- WORK INSTRUCTIONS
Please output the records below word for word and omit the pictures.

- THE DATA
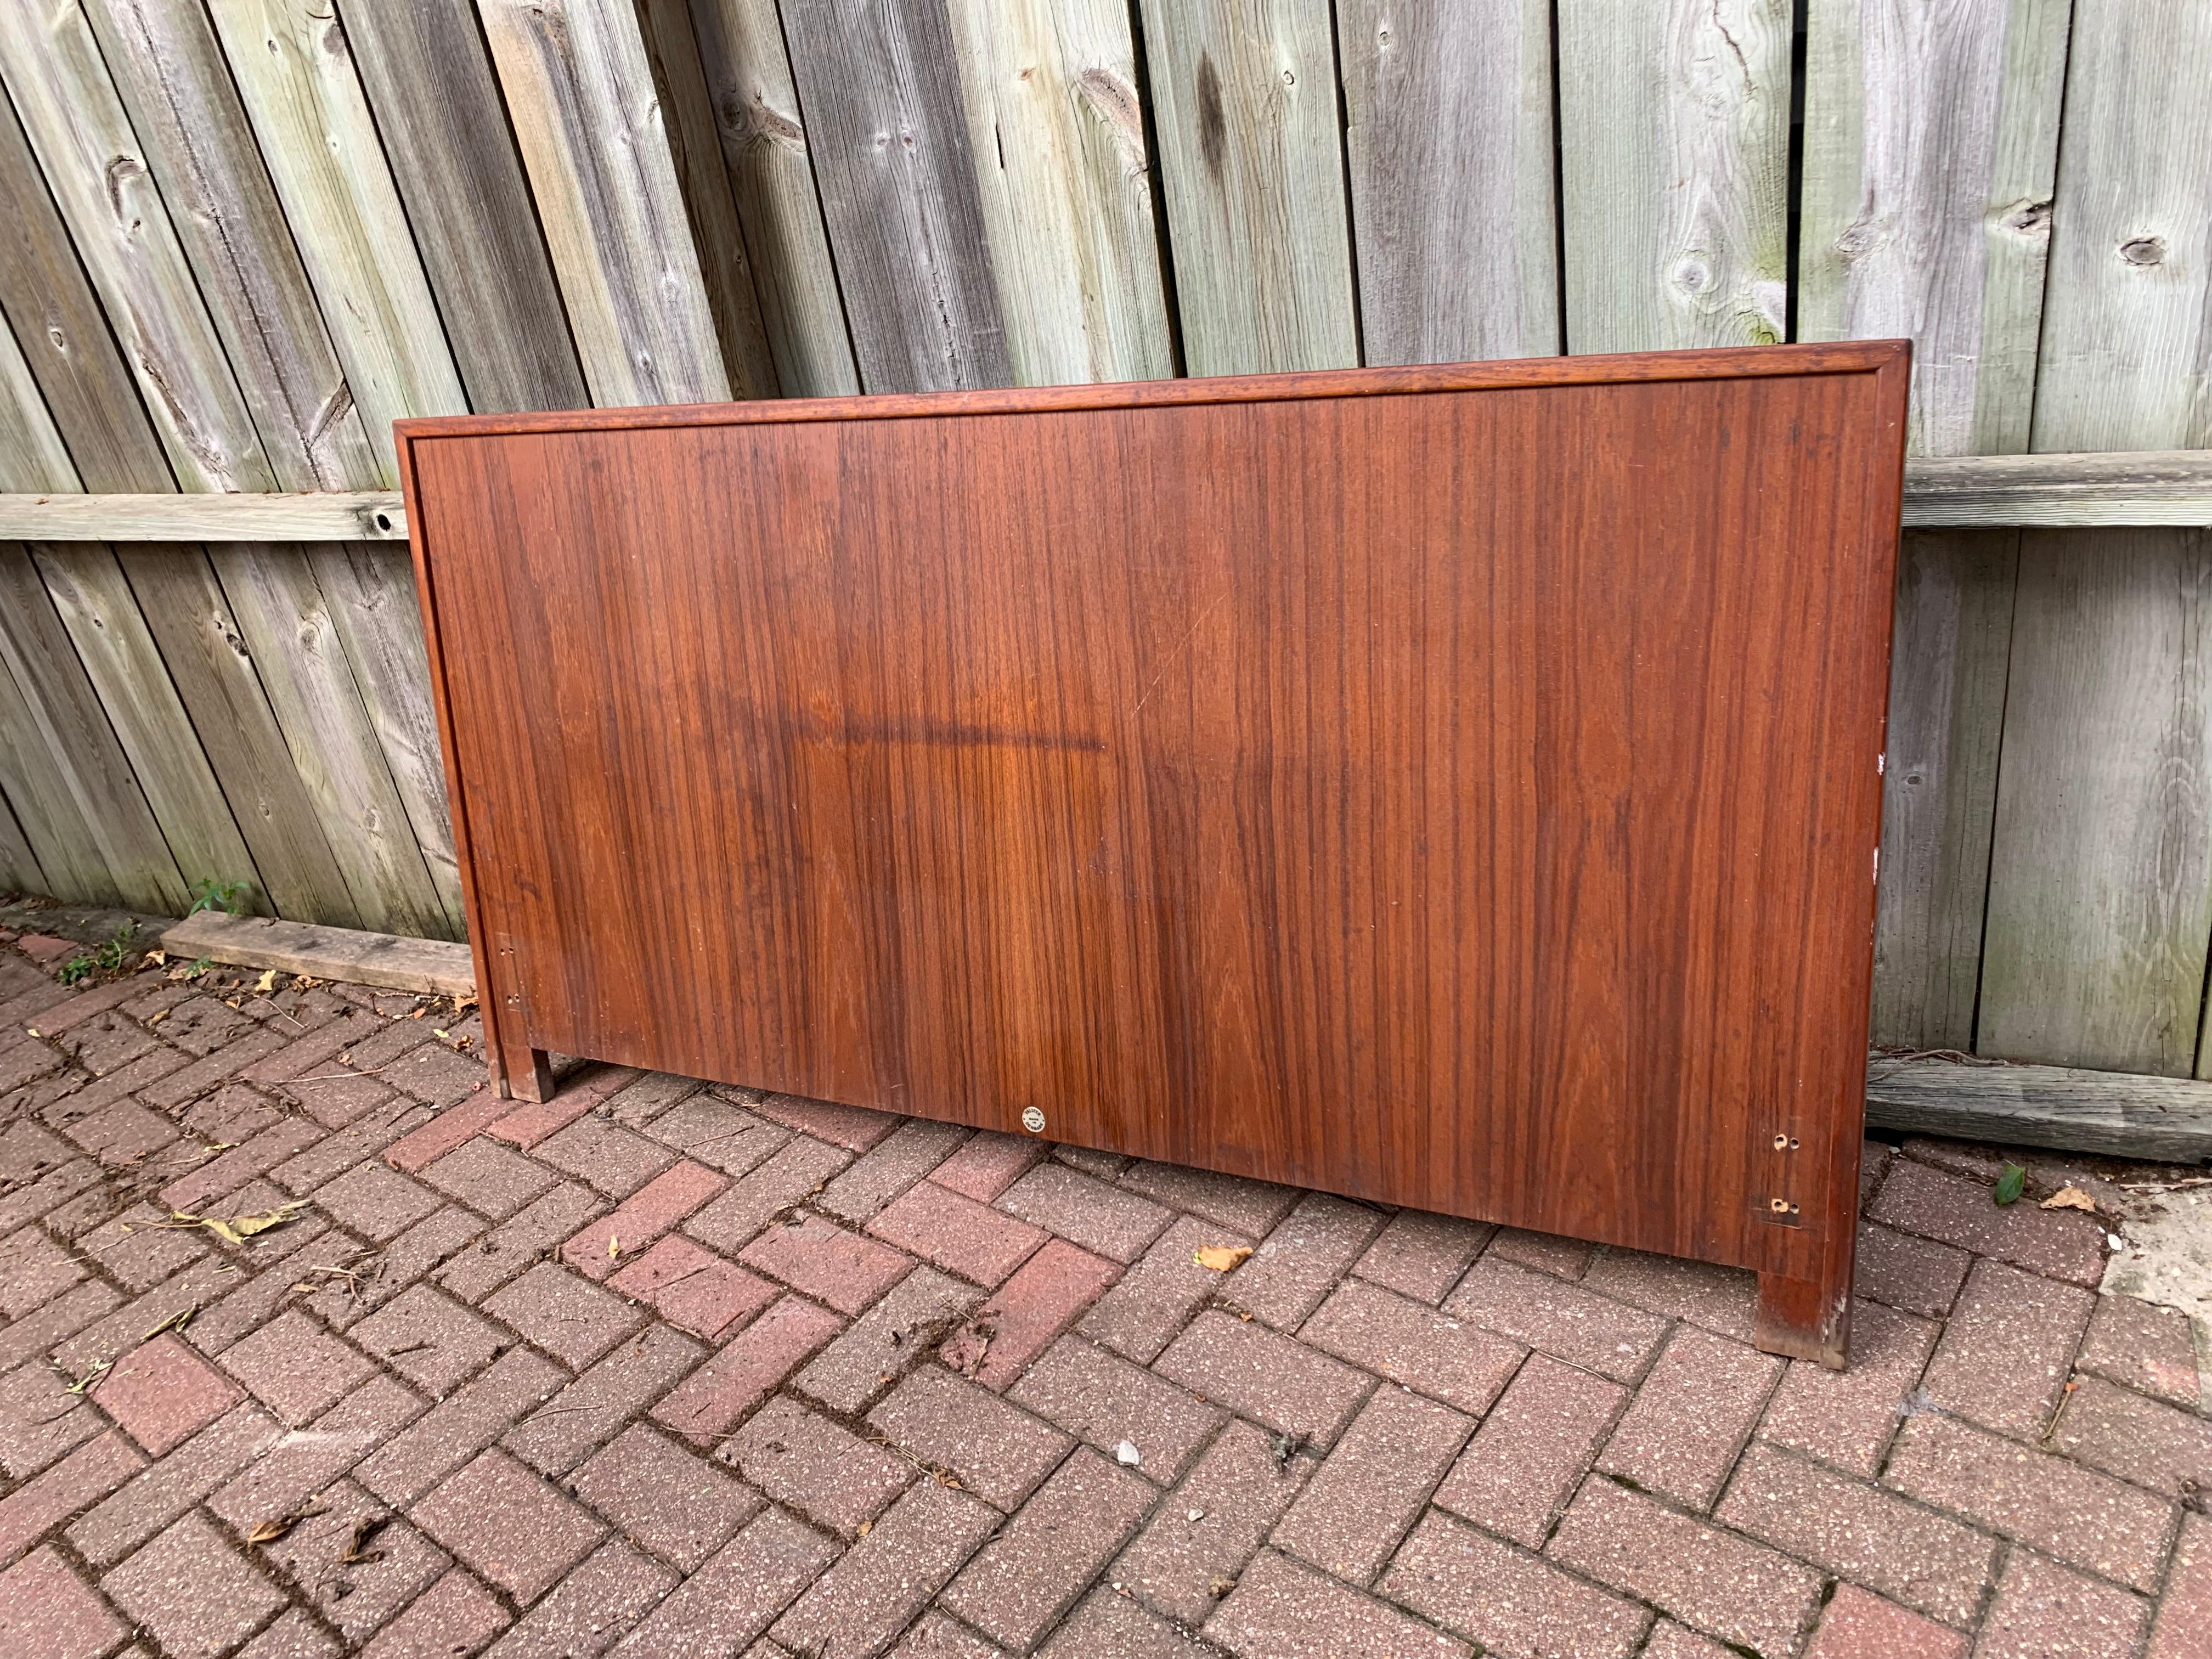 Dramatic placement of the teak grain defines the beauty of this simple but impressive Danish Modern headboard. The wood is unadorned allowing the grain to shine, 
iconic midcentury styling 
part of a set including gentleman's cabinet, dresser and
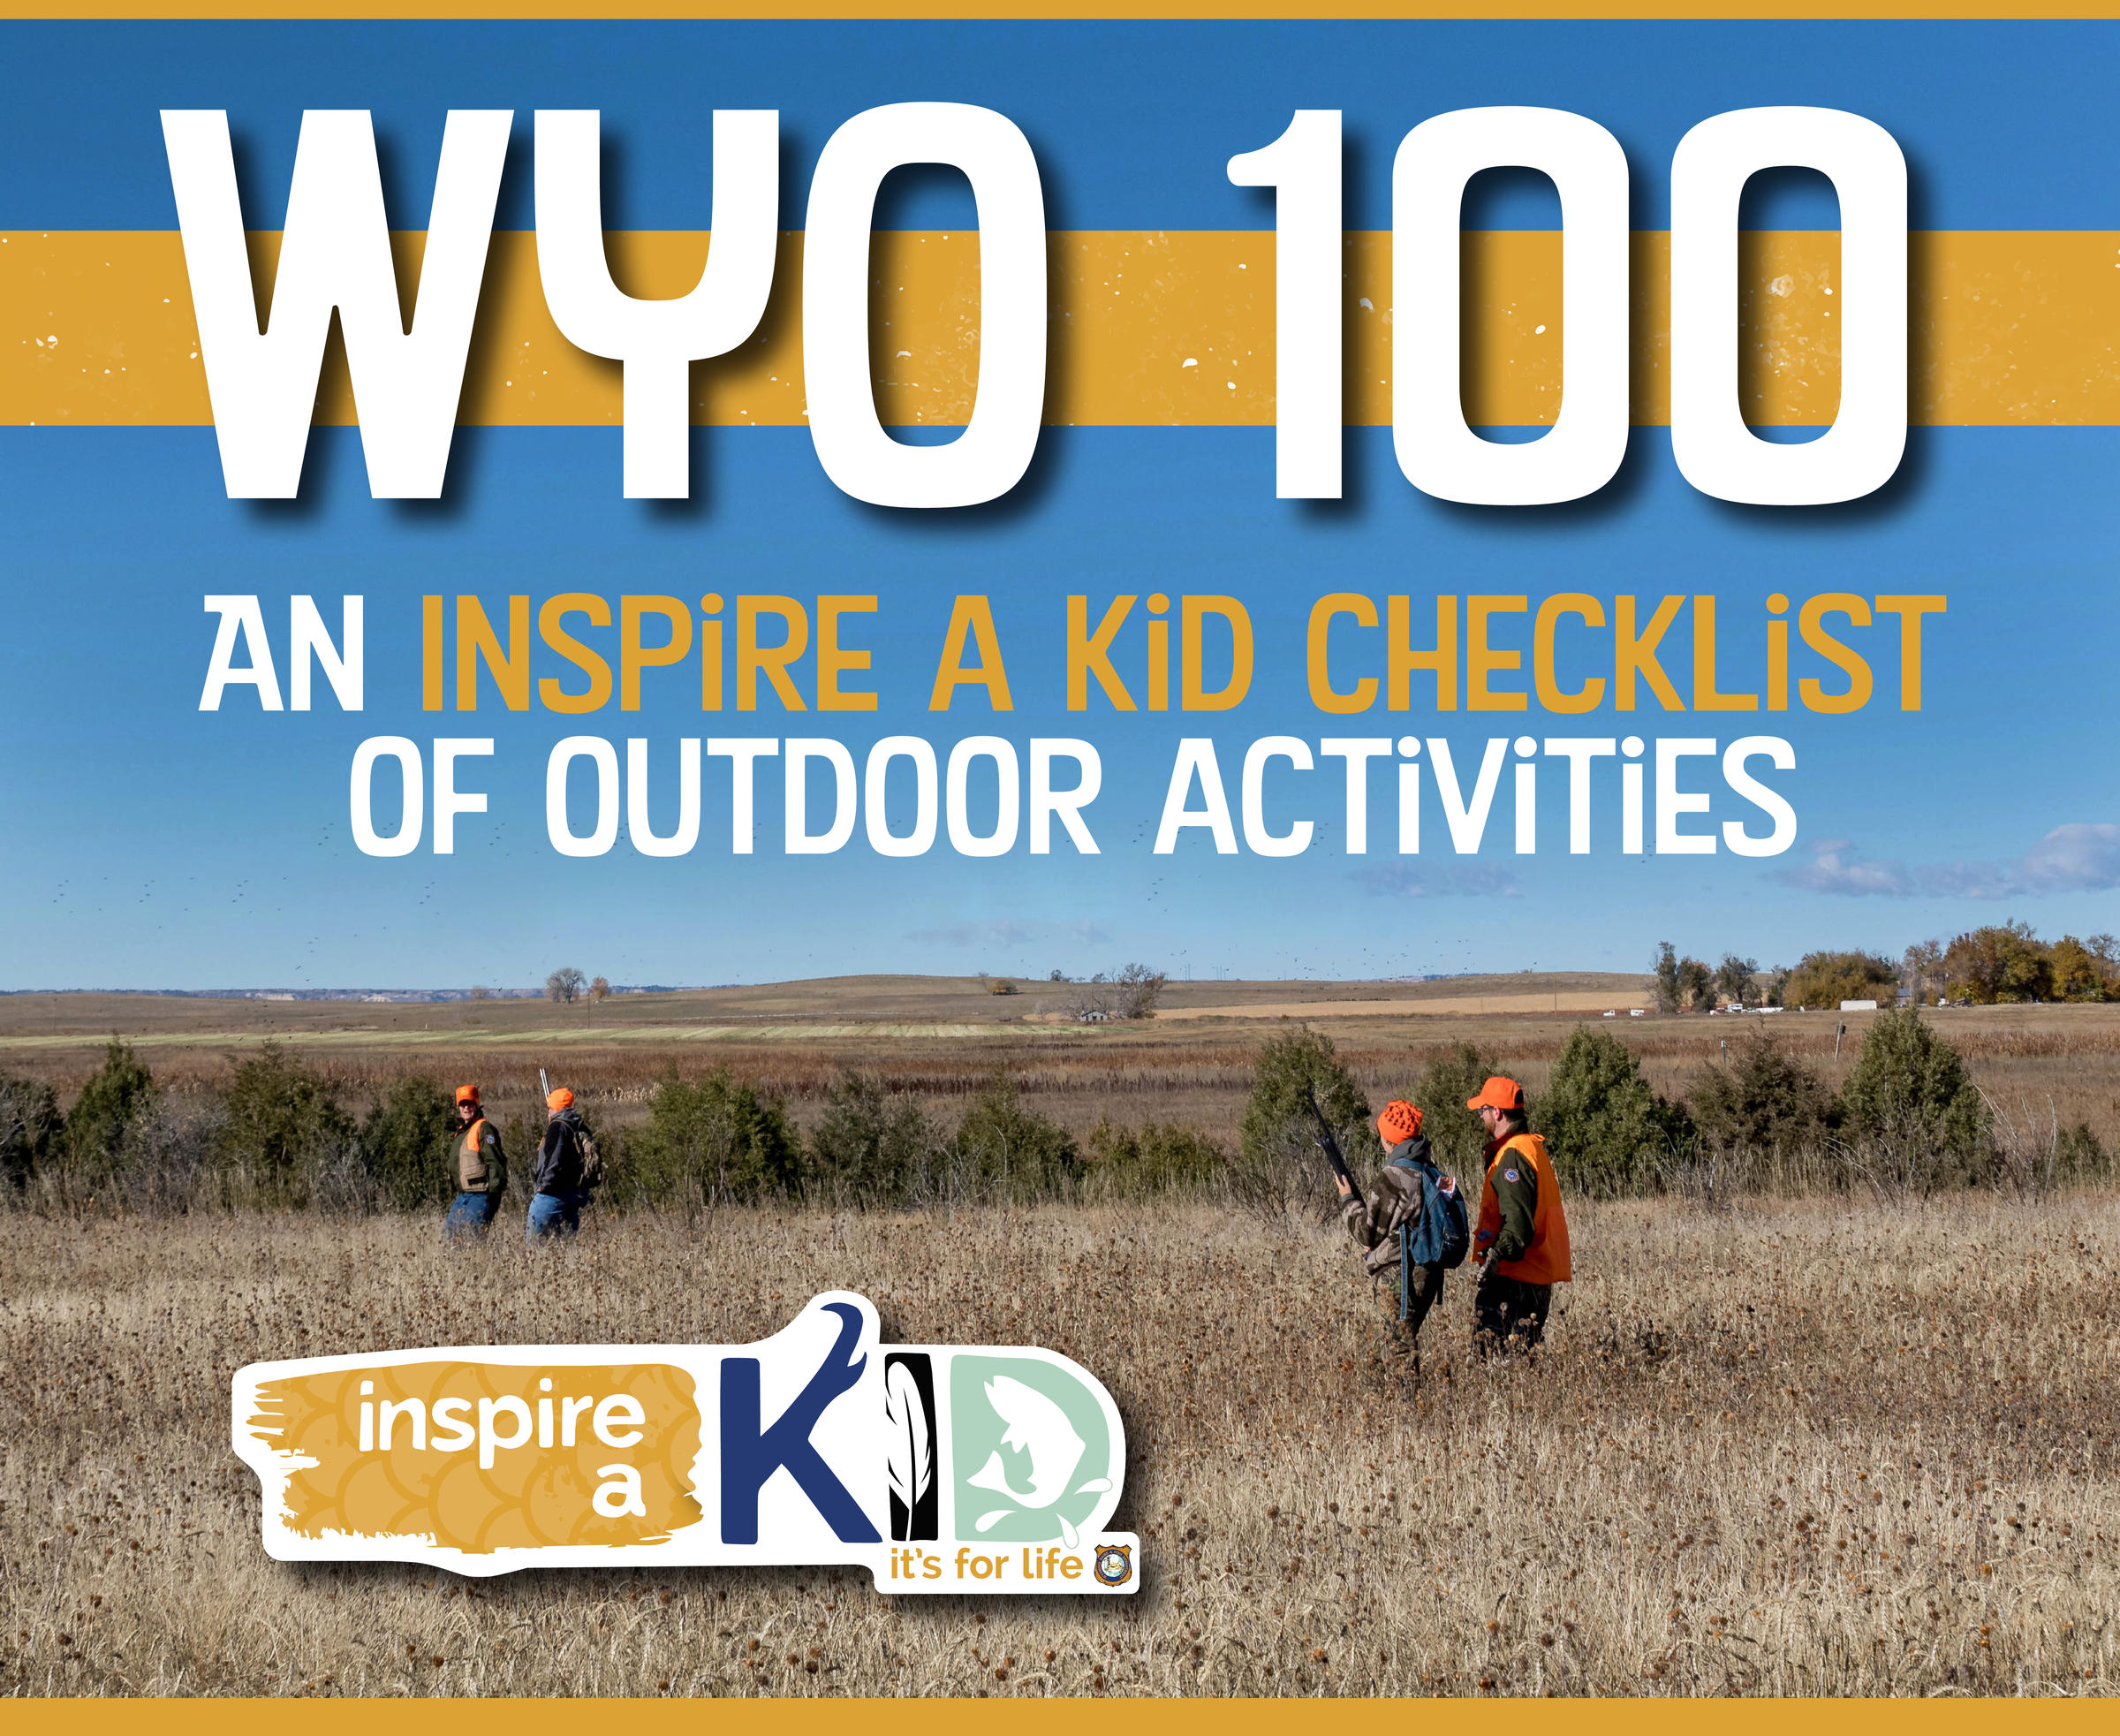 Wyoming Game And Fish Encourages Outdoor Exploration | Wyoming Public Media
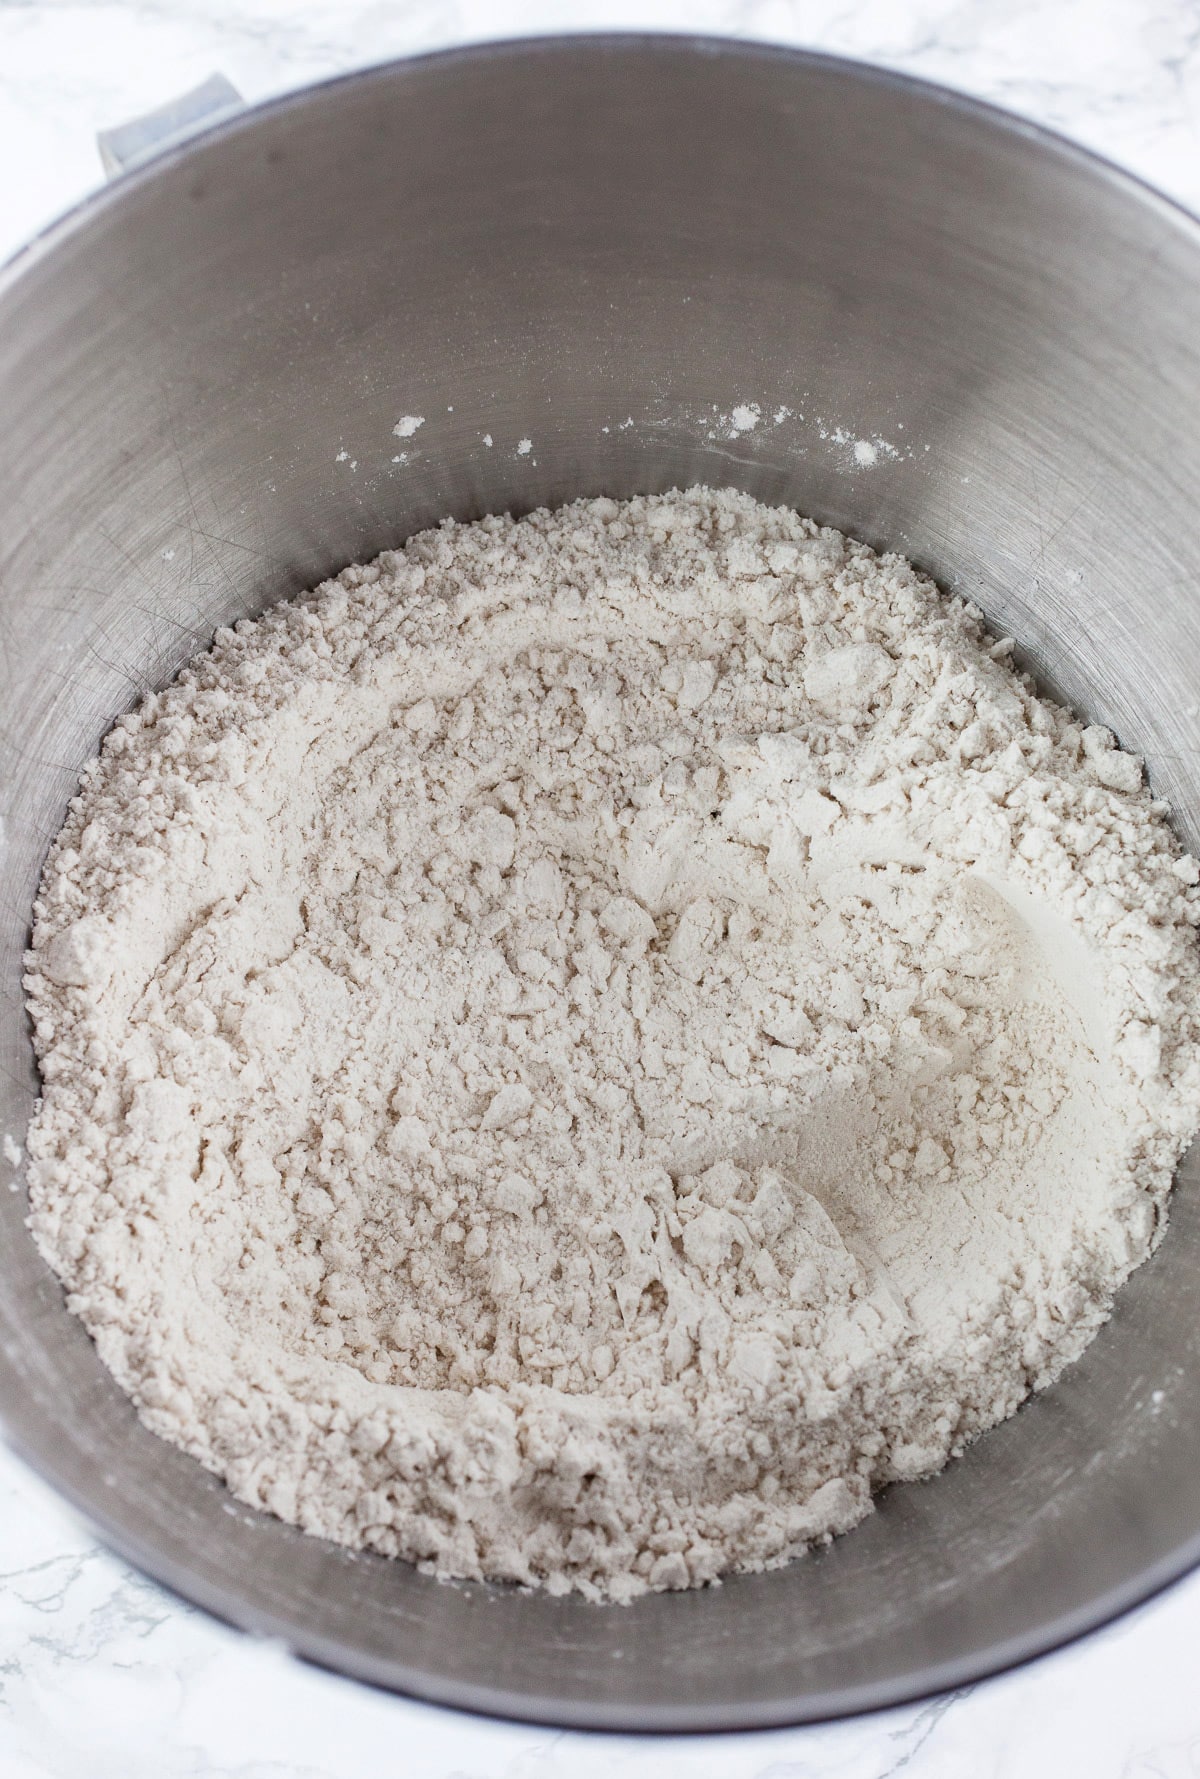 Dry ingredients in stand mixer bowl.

- SOLVED EXERCISE
 Dramatic placement of the teak grain defines the beauty of this simple but impressive Danish Modern headboard. The wood is unadorned allowing the grain to shine, 
iconic midcentury styling 
part of a set including gentleman's cabinet, dresser and
 Wyoming Game And Fish Encourages Outdoor Exploration | Wyoming Public Media
 Dry ingredients in stand mixer bowl.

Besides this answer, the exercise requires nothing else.